For all the talk of an economic decoupling between China and the US and its allies, foreign companies continue to pour money into the Asian nation.
The coronavirus pandemic and trade tensions have highlighted the risks of over-reliance on China, prompting several countries to consider diversifying supply chains, with a potential knock-on effect on investment.
Yet the latest official data from China shows that hasn’t happened. New foreign investment is on track to set another record in 2020, hitting 94 per cent of last year’s total by the end of November, according to Commerce Ministry data released this week.
Not only is that helping to drive the economic rebound, but with China reducing barriers to investment and the economy the only major one likely to grow this year, investment is set to continue flowing into the country.
“US and other foreign firms will continue to invest in China as it remains one of the most resilient economies during the global pandemic and as future growth potential there remains stronger than most other major economies,” said Adam Lysenko, an analyst at Rhodium Group who researches Chinese investment.
The investment boom comes despite continued political uncertainty for foreign firms. The Trump administration has ratcheted up tensions in recent months, placing restrictions on Chinese businesses, especially in the technology sector. China’s policy toward the incoming Joe Biden administration is still unclear. And an investment treaty between the European Union and China hasn’t yet been signed, although it’s getting close.
China is making a bigger effort to boost foreign investment. The government this week published a shortened list of sectors in which market access is restricted, and also said some international businesses would be able to tap financial support.
Despite the outbreak of the pandemic and the unprecedented economic contraction in the first quarter, almost 19,000 new foreign firms were set up in the first seven months of the year, officials said in August.
The automobile industry is one that’s seen increased activity. China was already the world’s biggest car market before the coronavirus, and although sales are expected to fall for a third year this year, global companies are looking to Chinese demand to boost their fortunes.
In the financial sector, companies such as UBS AG, Daiwa Securities Group and Goldman Sachs Group have either taken control of their joint ventures in China, or are looking to do so as the industry is further opened up.
At the same time, a record $214 billion in foreign funds have poured into higher-yielding Chinese bonds and stocks this year. The currency is likely to continue to appreciate next year on those flows, even as the US sanctions Chinese firms, works to stop pension funds investing in Chinese companies, and passes legislation that could stop them listing on US stock exchanges.
Recent business surveys show many European and American companies are staying put in China, despite increasing calls from various politicians to diversify their operations or return home. More than three quarters of the 200-plus US manufacturers in and around Shanghai said they didn’t intend to move production out of China, according to a September survey.
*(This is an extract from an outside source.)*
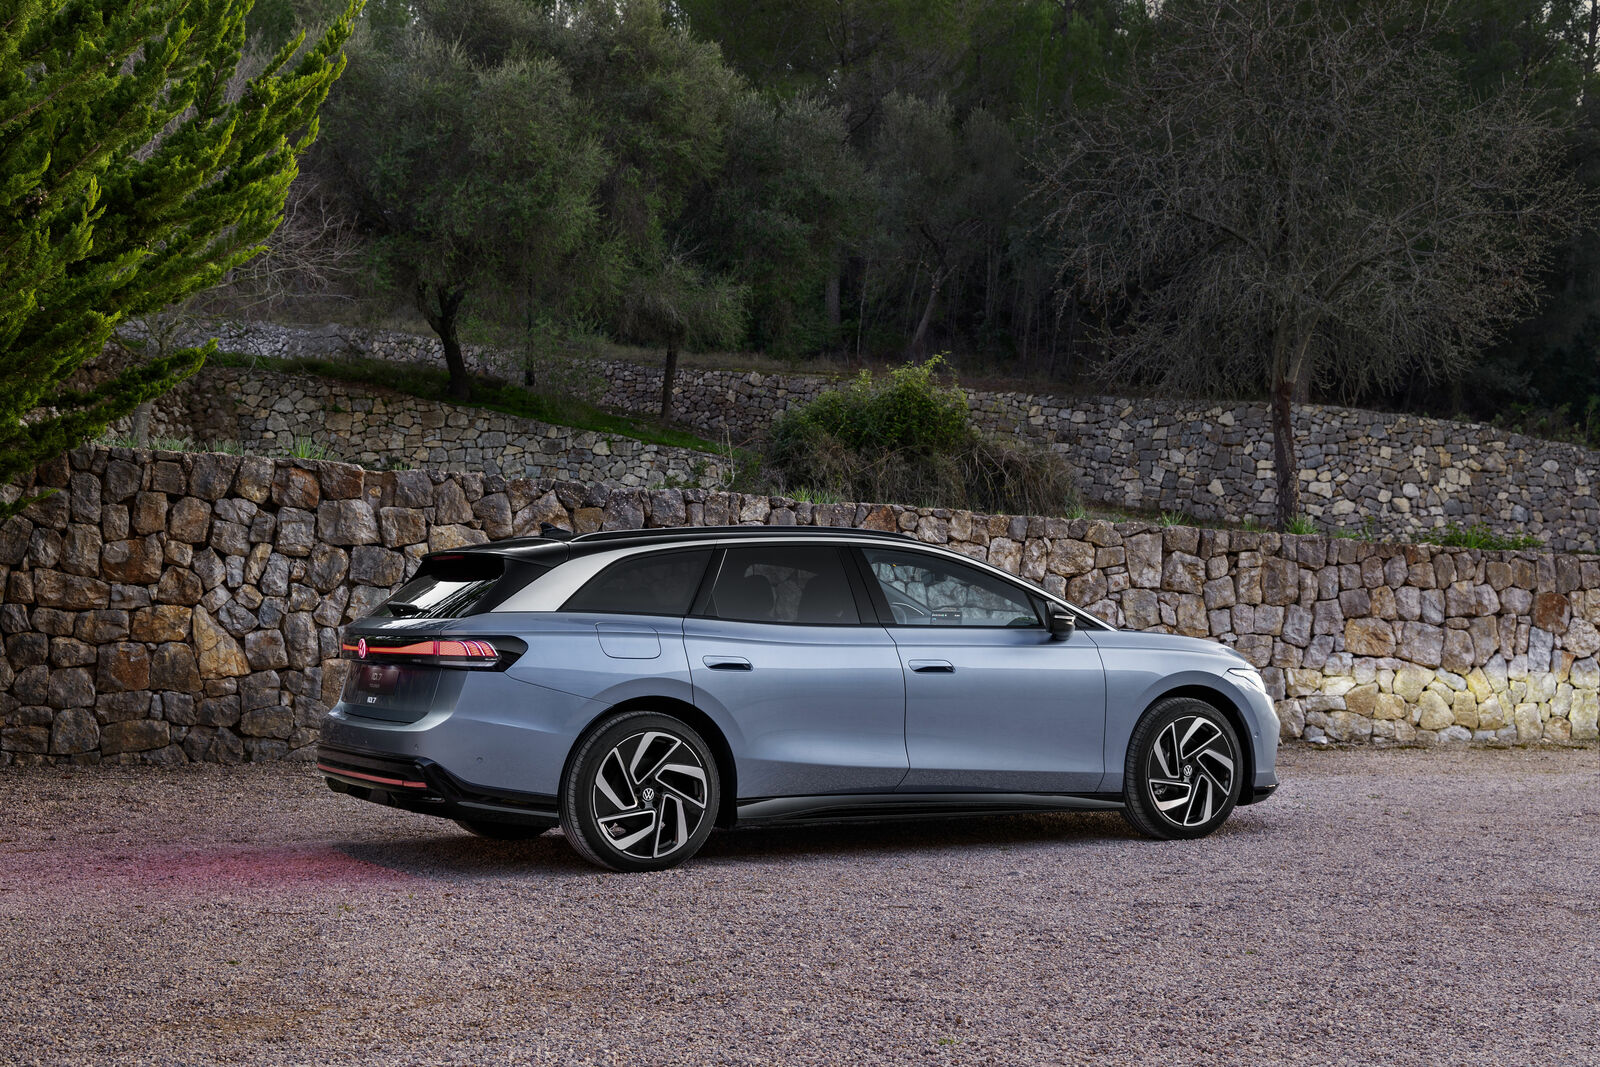 The all-electric Volkswagen ID.7 Tourer

The governments of Japan, South Korea and Taiwan have implemented policies to help reduce their economies’ reliance on Chinese supply chains and production, but with mixed results so far.
Taiwan has a long-term plan to attract capital back home from China, though companies continue to boost their investment into the mainland as well.
In Japan, the government began paying companies this year to invest at home or in Southeast Asia, though there’s little sign that the subsidies have caused any firms to pull out of China so far.
“China doesn’t have to be worried or dissatisfied,” Japan’s new ambassador in Beijing, Hideo Tarumi, told Phoenix TV last month. “We’re not asking Japanese companies to withdraw from China, but to diversify risks.”